Michael Sabah und Tobias Greissing heißen diese Experten. Sie sollen helfen, die Methode in Betrieben zu etablieren. Bedarf ist offenbar da: Mittlerweile suchten Unternehmen händeringend nach Design-Thinking-Coaches, haben Sabah und Greissing beobachtet. Diese Coaches sind speziell geschulte Fachkräfte, die die firmeninternen Teams beim Design Thinking entsprechend leiten.
Es geht um „erfinderisches Denken“
Agilität, Brainstorming und wie sie alle heißen: Es gibt mittlerweile viele und sich oft ähnelnde Vorgehensweisen, wie Arbeitsgruppen Probleme lösen und auf neue Wege stoßen können. Die Stärke von Design Thinking sei „erfinderisches Denken“, sagt Sabah. Dabei stehe eines unverrückbar im Mittelpunkt: Wie denkt der Kunde? Oder, wie man in der Fachliteratur lesen kann: Design Thinking „ist das empathische Eintauchen in die Lebenswelt anderer Menschen“.

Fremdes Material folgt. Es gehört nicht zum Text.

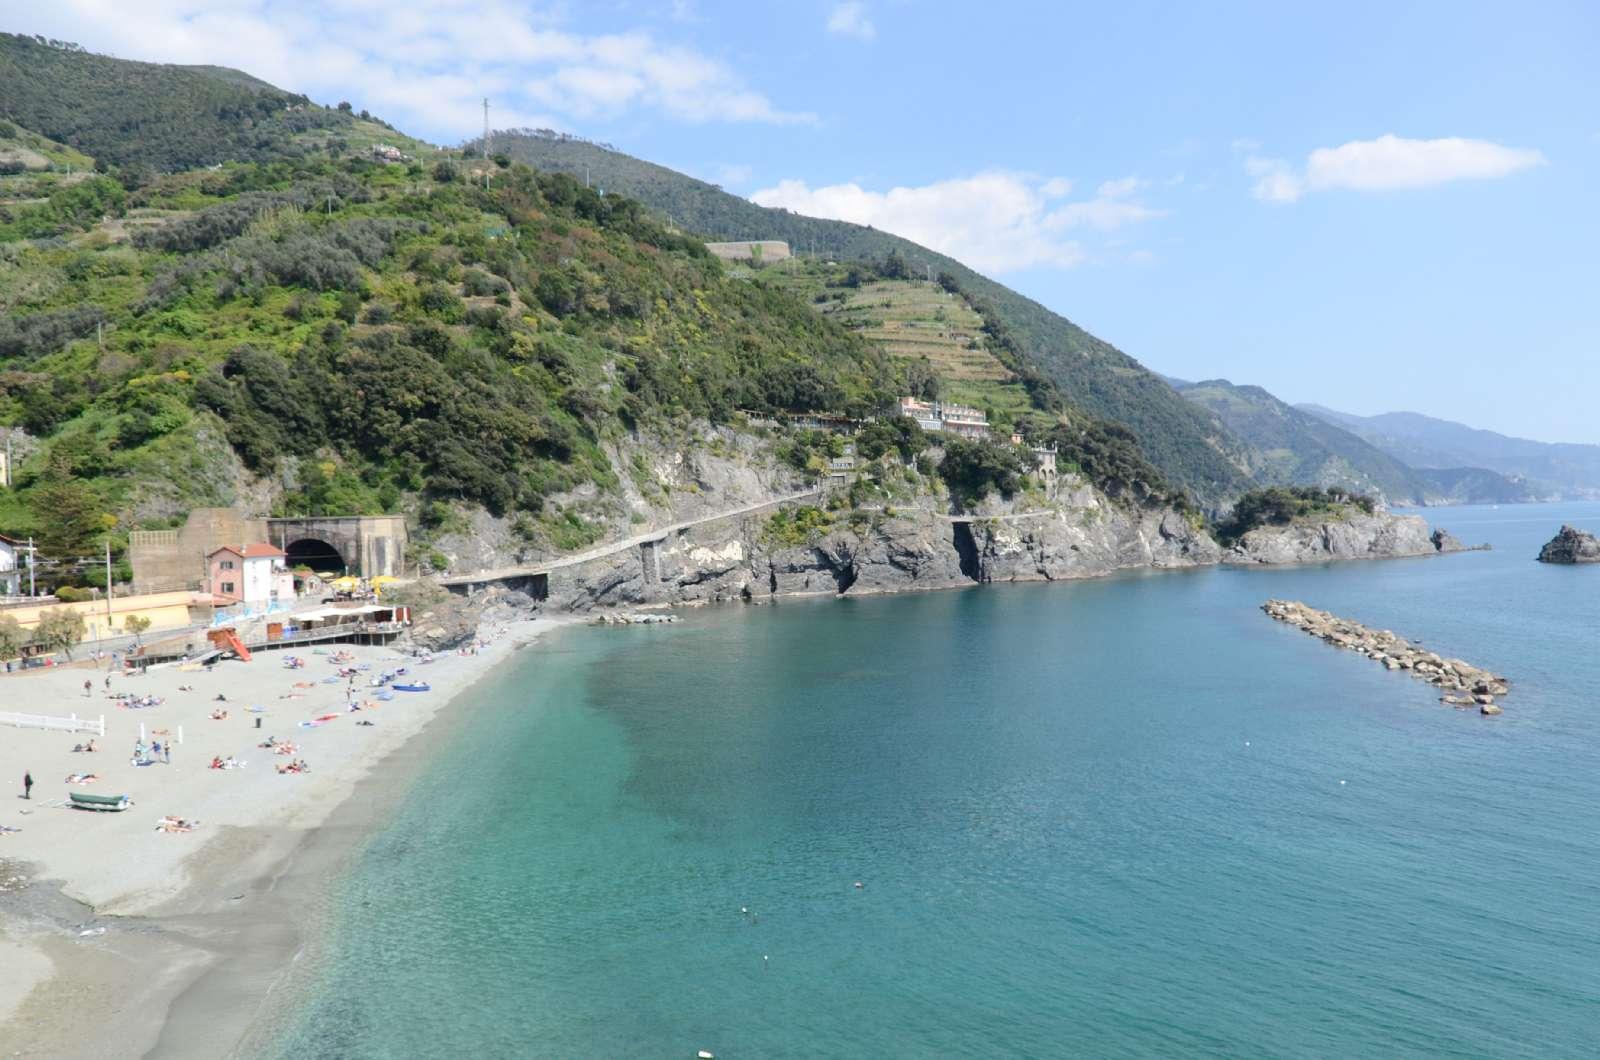 Cinque Terre är en blandning av klippor och sandstrand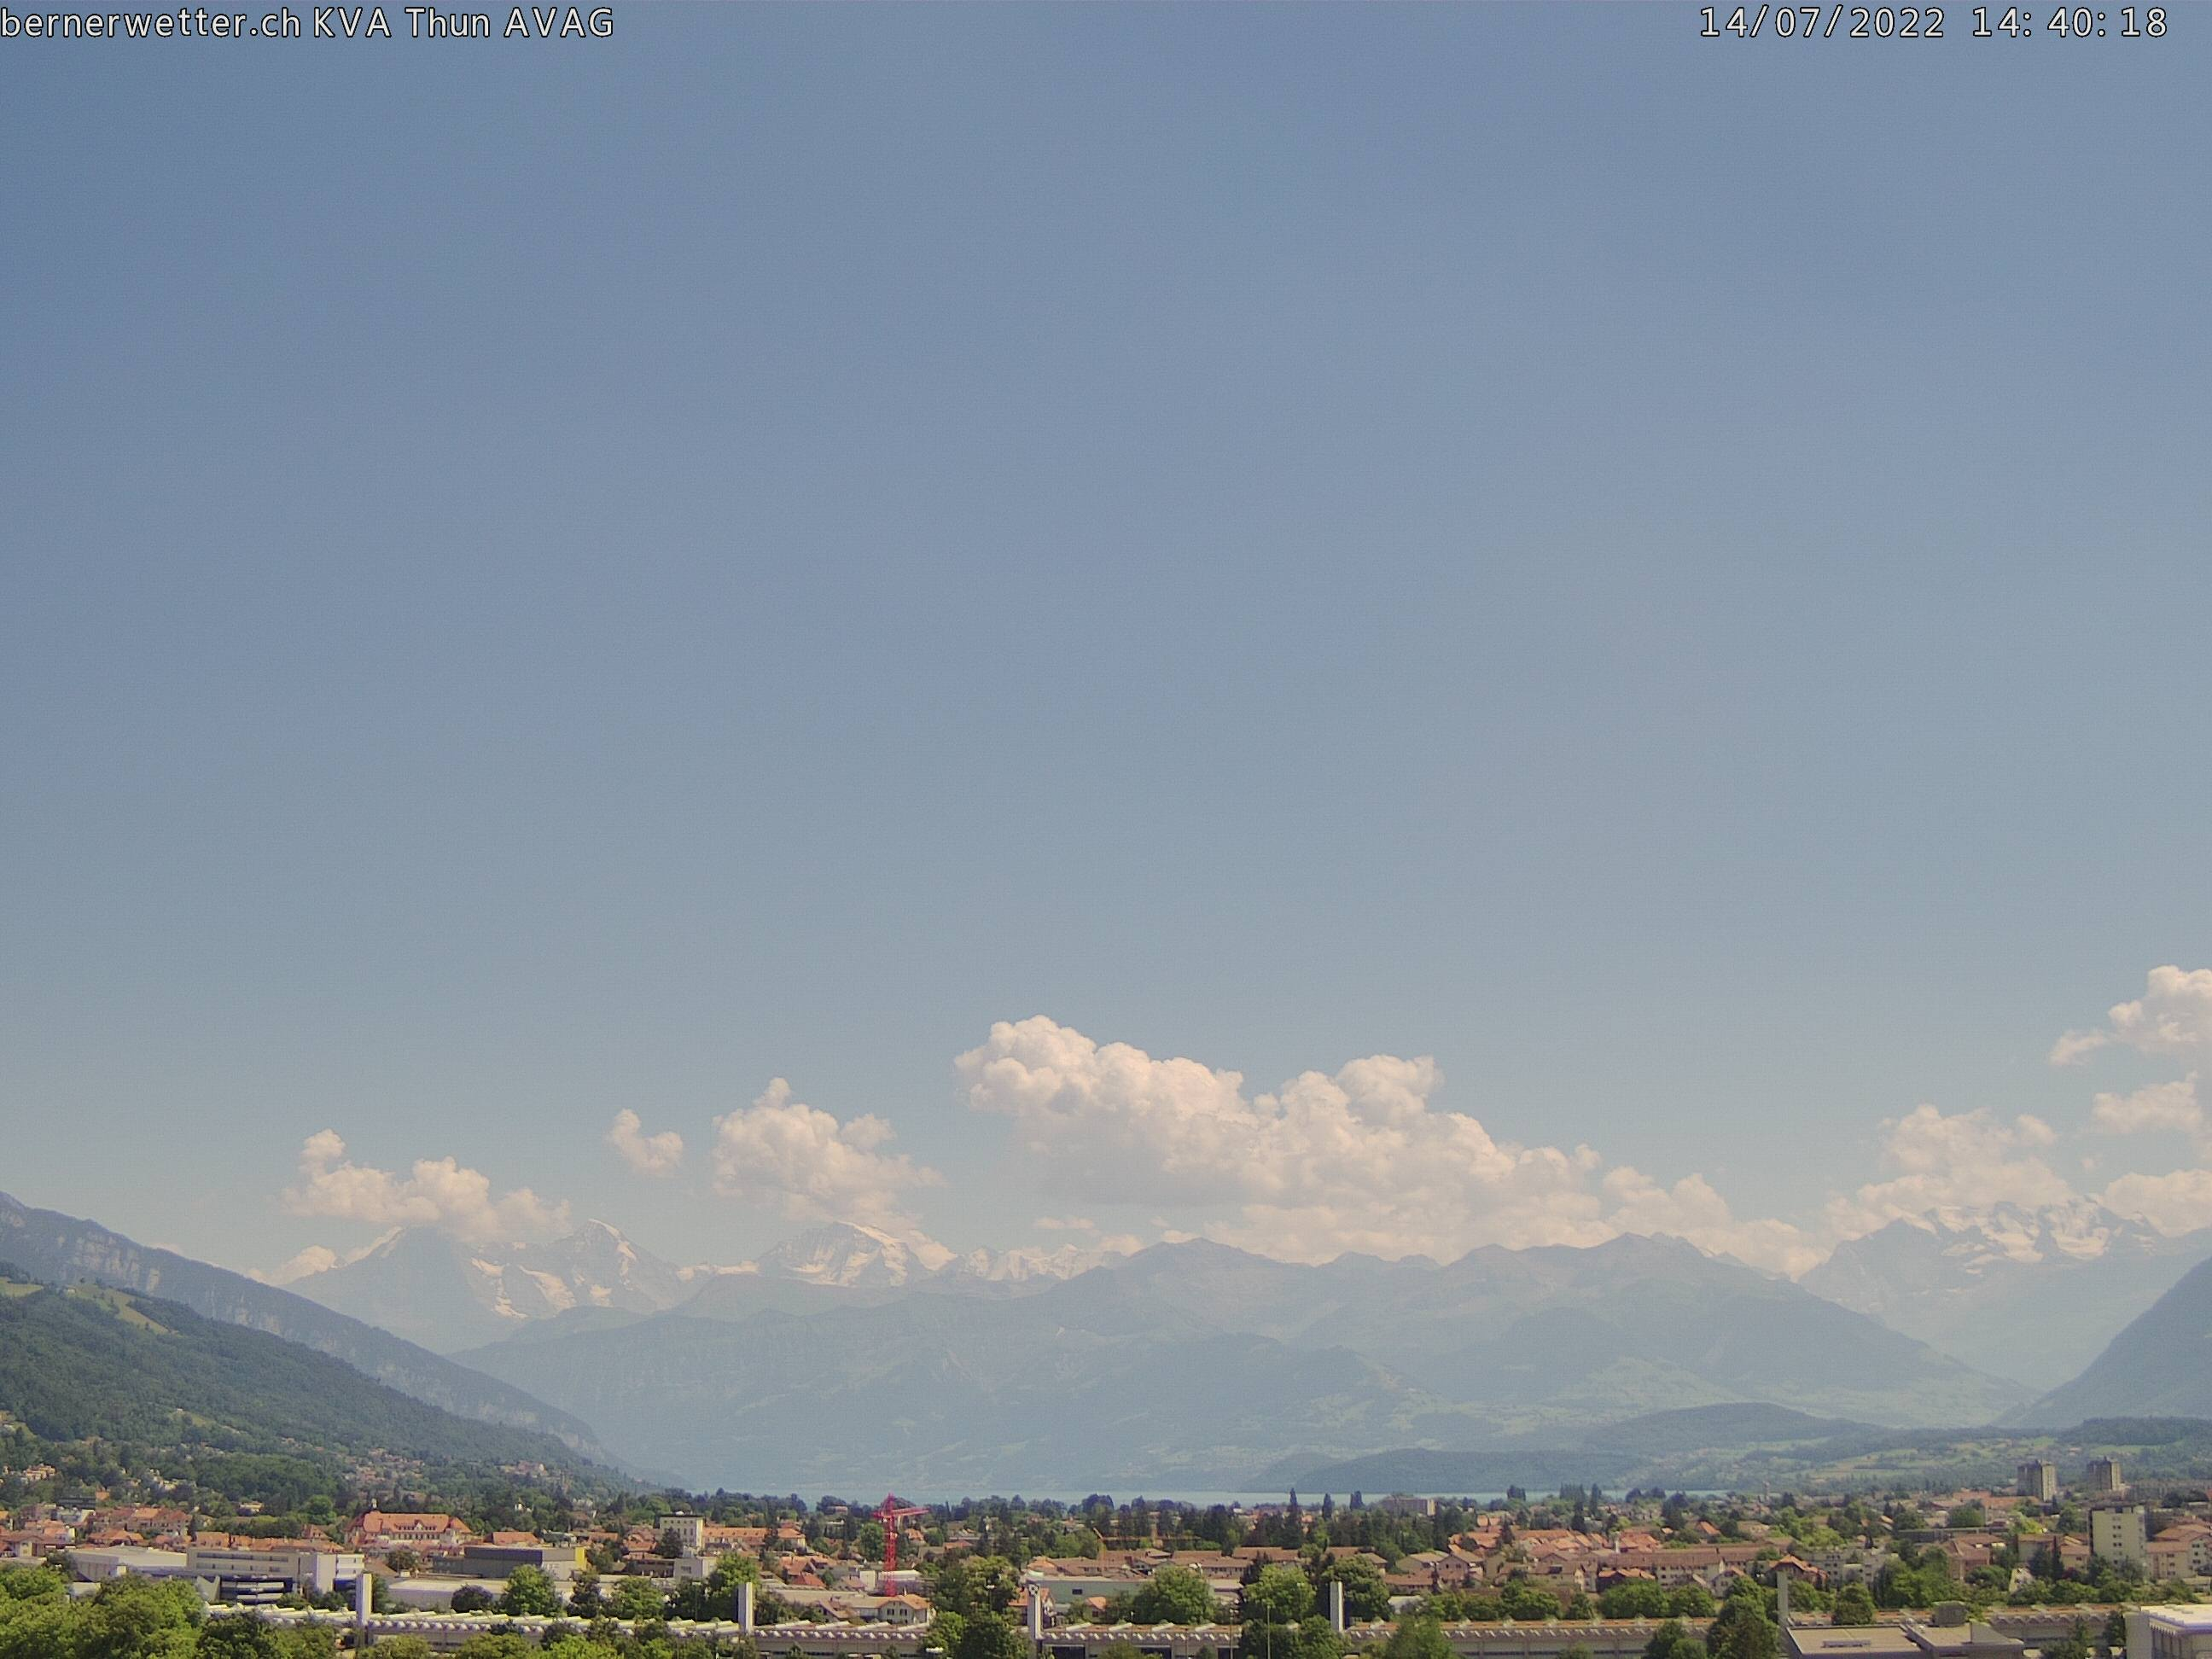 Wetterkamera in Thun, Sicht auf Berner Alpen und Jura

ZDI in Würzburg hat sich eingeklinkt
Sabah ist neben seiner Arbeit für das Würzburger ZDI in Fürth freiberuflicher Berater in Sachen Design Thinking. Um das mit dem Denken des Kunden zu verstehen, fällt ihm ein schwäbischer Hersteller von Ratschen ein. Irgendwann sei dieser Firma aufgefallen, so Sabah, dass die Ratschen wegen häufiger Mängel beanstandet wurden. Also stellte sich die Frage, wo der Fehler liegt und wie die Ratschen optimaler werden können. Daraufhin schwärmte das dafür gebildete Design-Thinking-Team aus und fand heraus, dass die Kunden die großen Ratschen oft als Hammer einsetzen, was dann mitunter zu Defekten führte. Doch es wurde auch klar: Der Kunde will Ratsche und Hammer in einem – das neue Produkt war geboren.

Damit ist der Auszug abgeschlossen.